How the wordsearch program works
This note describes how the wordsearch program creates a puzzle.
Initial size of puzzle
I keep the wordsearch puzzles square, there are the same number of rows as columns. It is obvious that this number cannot be less than the length of the longest word, so that is a lower bound.
Further, the number of grid squares on the puzzle is related to the total number of characters in all of the words. So I calculate that number as well, take 80% (some of the letters overlap), and take the square root. Between this latter calculation and the length of the longest word, I get an initial board size.
Ordering word list
The longer words will be harder to fit into the puzzle than the shorter words. So I sort the word list by word length, with the longest words first.
Initial starting position for a word
I don't want to place words starting from the upper left, as that will give a characteristic pattern at that point. So as I place each word I pick a random starting row and column, and then try the word in each of the possible orientations from that starting position. Then I scan the puzzle grid from that initial position until I wrap around back to the starting position.

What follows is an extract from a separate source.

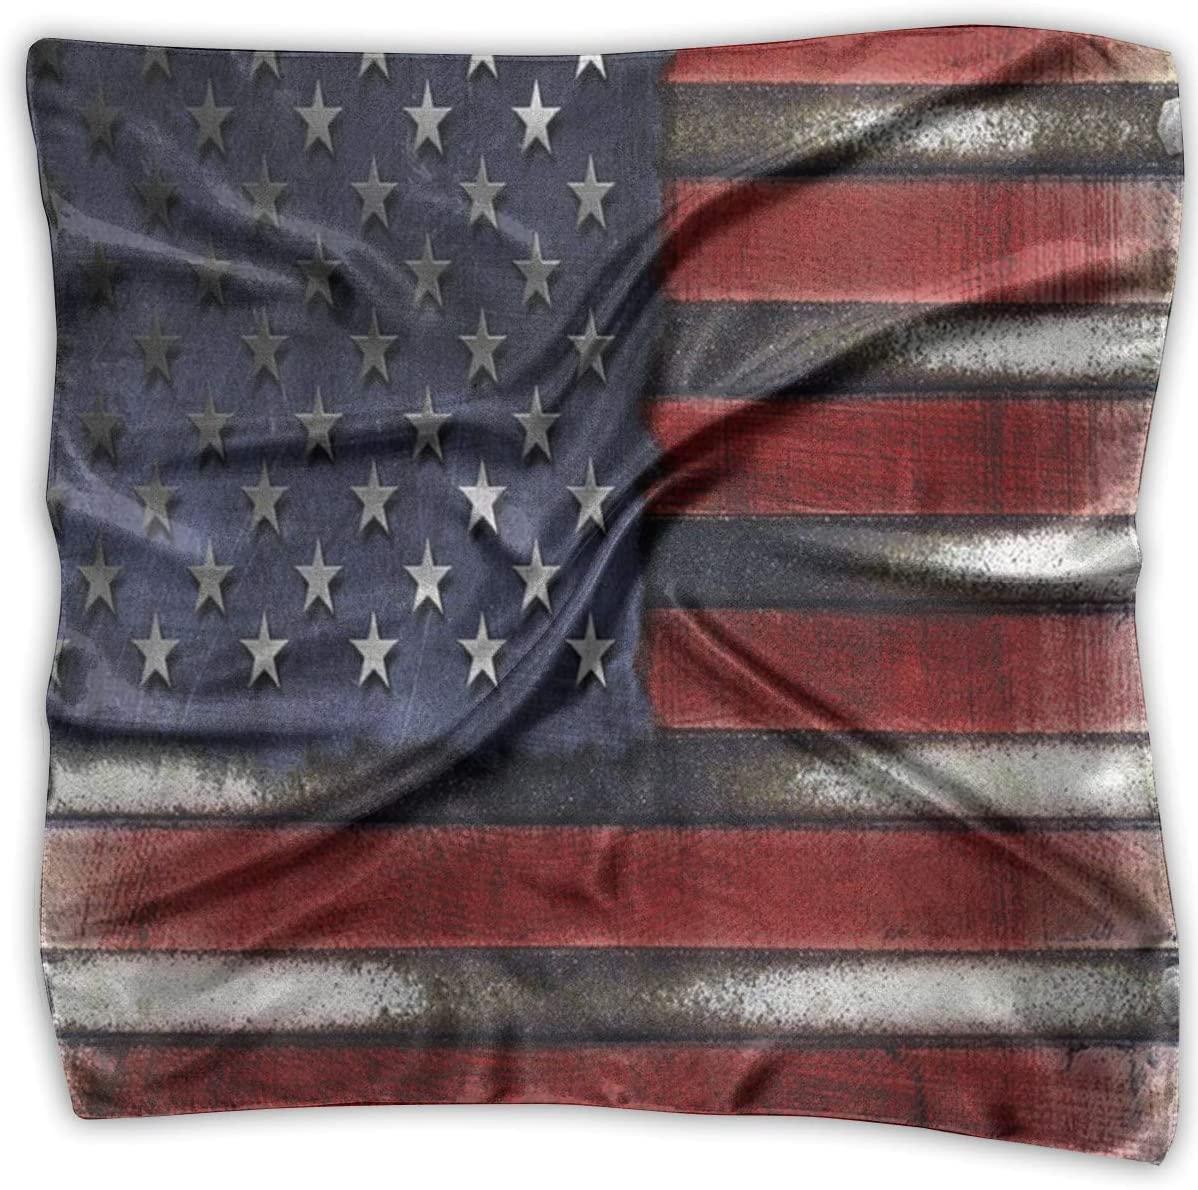 WFIRE Retro American Flag Square Handkerchiefs Scarf Shawl Bandanas Headscarf Neckerchief

Attempting to lay in words
I sequence through all of the words, longest first, from random starting positions. If I make it through all of the words, I have a successful puzzle. If not, I back out the previous word, put it in the next possible position, and continue on. Think "Depth First Search", a highly recursive strategy. Each successful puzzle has a score (that I'll talk about in a moment). Once I have a particular board size that has at least one successful puzzle, I take whichever successful puzzle with the best score and publish it for the user.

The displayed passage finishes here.